Policy makers, regulators, and supervisors in countries like these where digital financial inclusion expands exponentially see the financial inclusion promise clearly. Yet they pause at the fast changing risk picture. Digital financial inclusion is introducing new market participants and allocating roles and risks – both novel and well known – among them and the legacy players in new and sometimes unexpected ways.

Raising awareness of these dynamics was a primary motivation for the Second GPFI Conference on Standard-Setting Bodies and Financial Inclusion: Standard Setting in the Changing Landscape of Digital Financial Inclusion, hosted by the Financial Stability Institute at the Bank for International Settlements (BIS) in Basel, Switzerland, 30–31 October 2014. The video, which opened the event, sought to demonstrate to representatives of the GPFI and the six participating financial sector standard-setting bodies – the Basel Committee for Banking Supervision, the Committee on Payments and Market Infrastructures, the Financial Action Task Force, the International Association of Deposit Insurers, the International Association of Insurance Supervisors, and the International Organization of Securities Commissions – that they share a common interest in understanding the seismic implications of digital financial inclusion, including both the promise and the changing risks.

In welcoming participants to the groundbreaking gathering, Jaime Caruana, General Manager of the BIS was clear on this point: “The implications for standard-setting bodies of technology-enabled connectivity among retail customers are exciting, yet also cross-cutting.
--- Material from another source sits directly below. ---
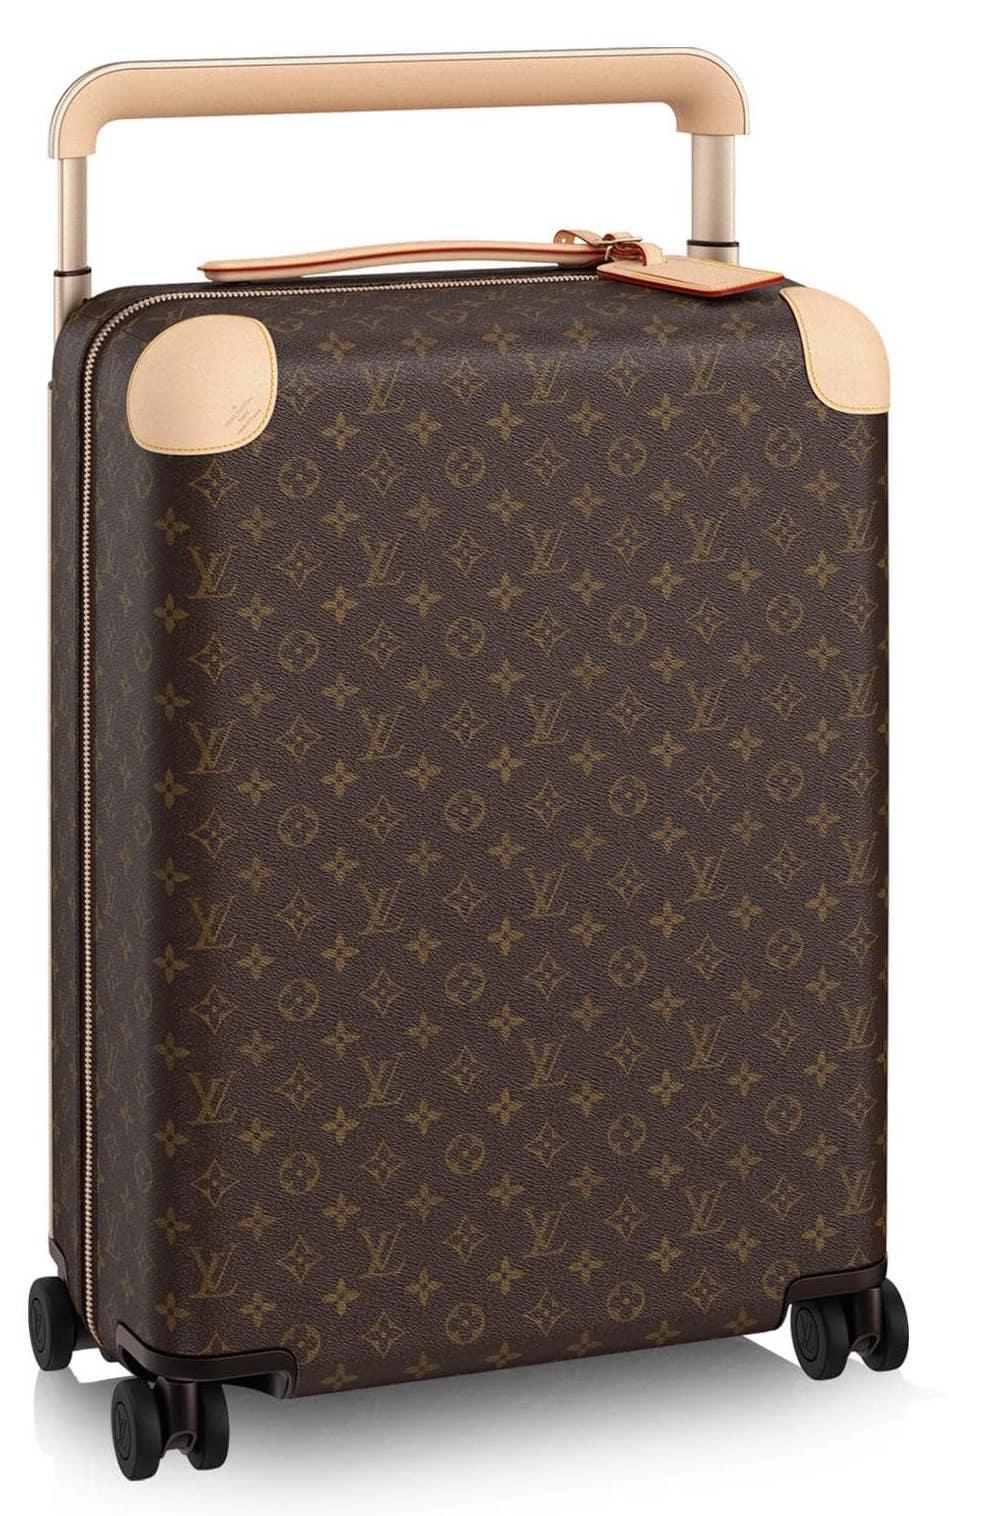 shop-top-desinger-suitcases-for-your-summer-vacation-louis-vuitton

The discussions today and tomorrow are likely to highlight that banking and retail payments can no longer be seen as separate domains – nor are they the exclusive province of traditional players such as universal banks. The often specially tailored products in savings, credit, insurance and investment – even micro-pensions – that are already reaching low-income households via innovative digital transactional platforms pose new questions, and even challenges, to all the standard setters in the room.”